Wednesday, November 11, 2009

The story's not over

It's funny those days that seem to start out normal and end up with a theme.
On Monday I got overwhelmed with a couple situations that are like juggernauts for me—I can't figure them out, and so I can't fix them. Also, they're painful, and they make me really wrestle with God's sovereignty, which in turn makes me want to get a better grip on the problem of evil. And if I want to fix them because of my love for the people involved, it's hard for me to understand God's delay.
So I was just praying a little about it and I felt like a provisional answer came: The story isn't over yet. That was a bit of a comfort.
Then I was watching the last part of "The Closer" (my parents' Monday night show), and, well, it's hard to make a short story of it. Suffice it to say Brenda Lee bonds with a young shooting victim as he dies thinking she's his mom. Then she finds his killer. It turns out his old girlfriend said he raped her, so she could explain her pregnancy to a very angry dad. Her brother heard and got angry, and shot the ex-boyfriend. Brenda Lee gets really angry at the daughter and dad while the other cops chase down the fleeing brother. It made me realize that it would be easy to be sympathetically make excuses for each character—but less so when you learn the bigger picture.
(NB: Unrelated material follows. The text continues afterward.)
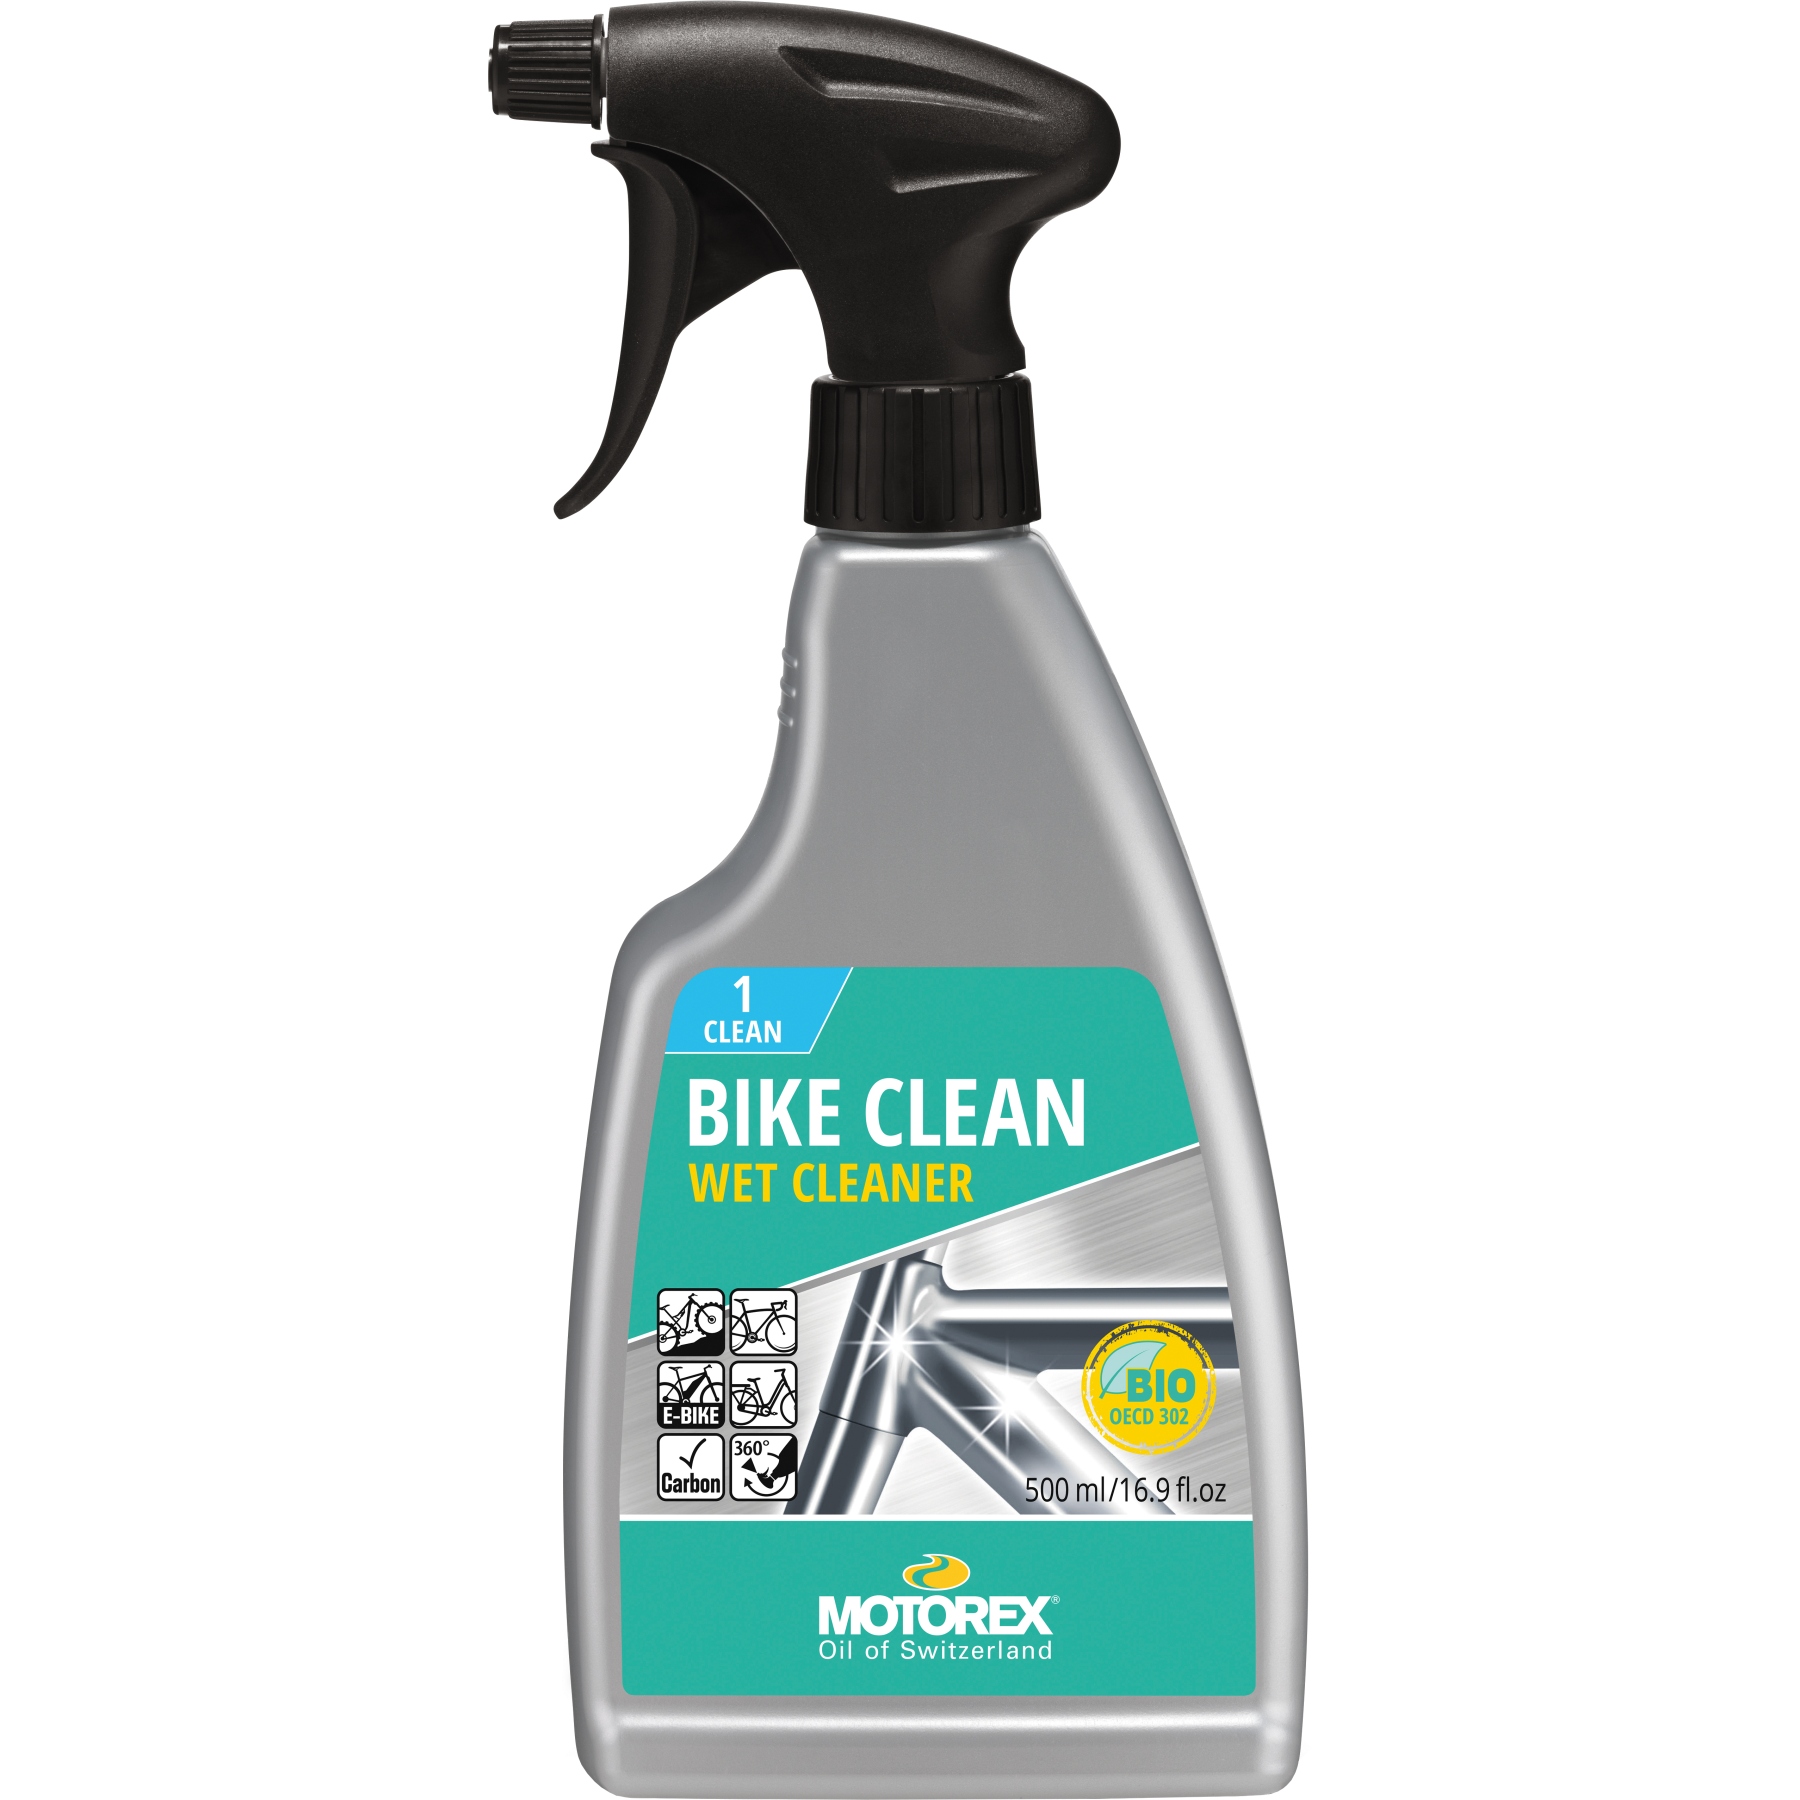 Productfoto van Motorex Bike Clean 500ml

Each person could've made the right choice. Sometimes the complexity helps. Knowing that God is at the same time the offended party, the judge, the prosecuting attorney, the close kin of the victims and something altogether different—their creator—the only one with the big picture and the full story.*
Then, my Dad randomly read me this quote from Sam Gamgee (quoted in a book he's reading). It's the part where Sam realizes that he and Frodo are actually in the stories they grew up on. "Full of darkness and danger they were, and sometimes you didn't want to know the end because how could the end be happy?...But in the end it's only a passing thing this shadow, even darkness must pass. A new day will come, and when the sun shines it'll shine out the clearer....folk in those stories had lots of chances of turning back, only they didn't." Hmmm...just what I needed to hear.
Then I clicked on my friend Lorrie's post in honor of the anniversary of the destruction of the Berlin wall. Besides providing some absolutely hilarious moments of spoken German, it's an inspiring video. Who expected it to ever come down? At the end two long-lost relatives hug and the woman says, "Imagine if it's always like this." And the words scroll down "Thank you, Mr. Gorbachev, for making the impossible possible." How many people dared to hope it would end that way?
I also tracked down the lyrics to a couple Andrew Peterson lyrics—The Silence of God and After The Last Tear Falls. I recommend them.
So, I still need to re-tackle the problem of evil. But I'll do it a little at a time, and know the story's not over yet.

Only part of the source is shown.